# Help! Dog with Congestive Heart Failure



## Chanel92 (Jan 14, 2007)

My dog is 14 years old and was diagnosed with CHF about 6months ago. She has been put on Lasix, Theophylline, and Hydrocodone. I started with low doses 1x p/day but now she is 2x p/day. In the begining everything seemed good, but lately her coughing has become severe. Almost sounds like she has a bad chest cold right now. Not sure if maybe she contracted a cold or if it is from the CHF. She has also developed incontinence, so now I have added a supplement for that. She has bad hips and can't seem to get comfortable, it takes her a long time to find a spot to laydown, she whines when trying to place herself on her pillow or wherever she starts to lay. 

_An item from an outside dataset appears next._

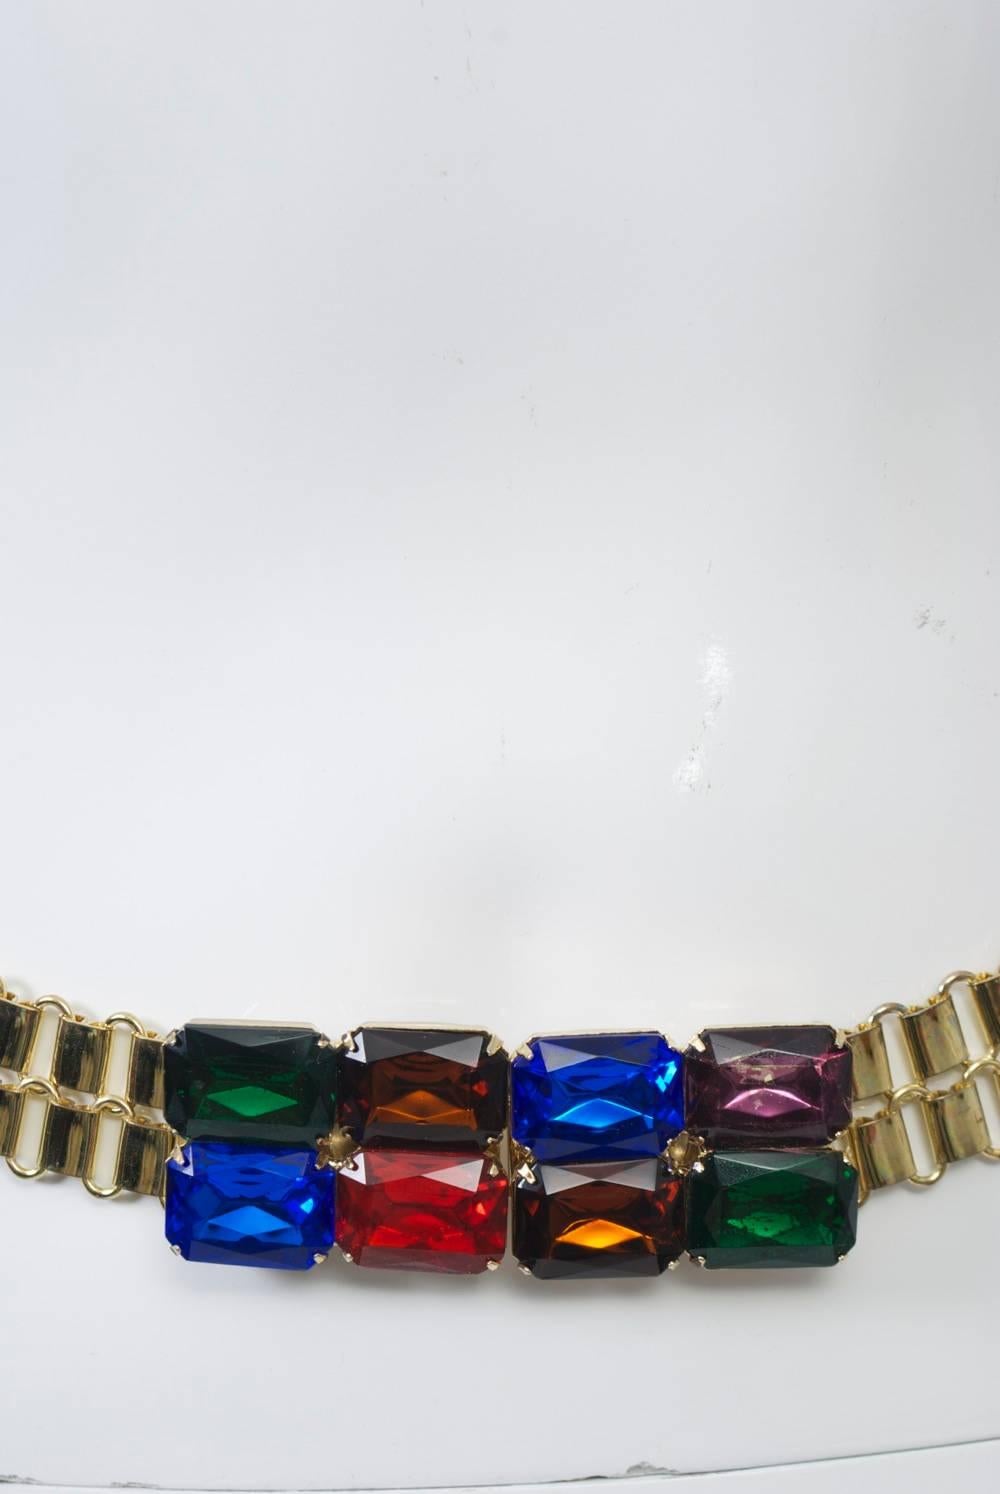 Link Belt with Multi-Stone Clasp In Excellent Condition For Sale In Alford, MA

She is my baby and a 2nd generation. I was there when she was born, the entire litter of puppies came down with Parvo, which as you know if fatal to puppies, all but one died and that is my Chanel. We nursed her back to health and she even gave birth to a 3rd generation. We kept 1 out of the litter. 

My question is, do I end her suffering by putting her to sleep or let her live her life? Does anyone know if this disease can be reversed? I can't sleep at night just thinking about what is the best thing to do. Am I being selfish for keeping her here? Being a Christian, I don't feel I have the authority to end her life before her time. Either way I feel like I am being selfish. Keep her here suffering or take her life before her time? 

This is probably too much for anyone to answer, but any input would be helpful.


----------



## Lorina (Jul 1, 2006)

I'm sorry you have to deal with this decision. It really sucks. I went through the same thing with my cat, who developed CHF after a year and a half of Chronic Renal Failure. We managed the kidneys well, but by the time CHF settled in, there wasn't much we could do. Her body was just wore out. I know some dogs & cats whose CHF are/were being managed for years, but once it reaches it's final stages, where medication isn't helping, there's not much left. Only your vet can tell you if Chanel is at those final stages or if there's any other medications or treatments that could help.

With my Sheba, she had been doing fairly well. I work at a vets, and took her with me the three days before Thanksgiving. Mostly because she was weak, but trying to be more active than I'd like, and I was worried she'd fall down the steps or off a windowsill if I left her home. Her lungs sounded a little congested, but an extra dose of Lasix helped that. But the night before Thanksgiving, she crashed and was breathing really bad. I did as the vet told me and gave her an extra dose of Lasix, and it helped some. T-day, I had to take her to the emergency clinic. She was huffing and puffing and very weak. I couldn't let her suffer like that. I knew there'd either be something minimally invasive they could do, or I'd let her go. There was nothing to be done. Her chest cavity and lungs were full of fluid. You couldn't even see her heart on the xrays. It was the end. As much as I half expected every day for the prior six weeks for her to die in her sleep, I wasn't ready. But I knew that dying a "natural death" would be painful and frightening. She'd basically "drown" with the fluid in and around her lungs. Euthanizing her was the most unselfish thing I could do. It took just seconds, and it was a relief to not see her gasping anymore.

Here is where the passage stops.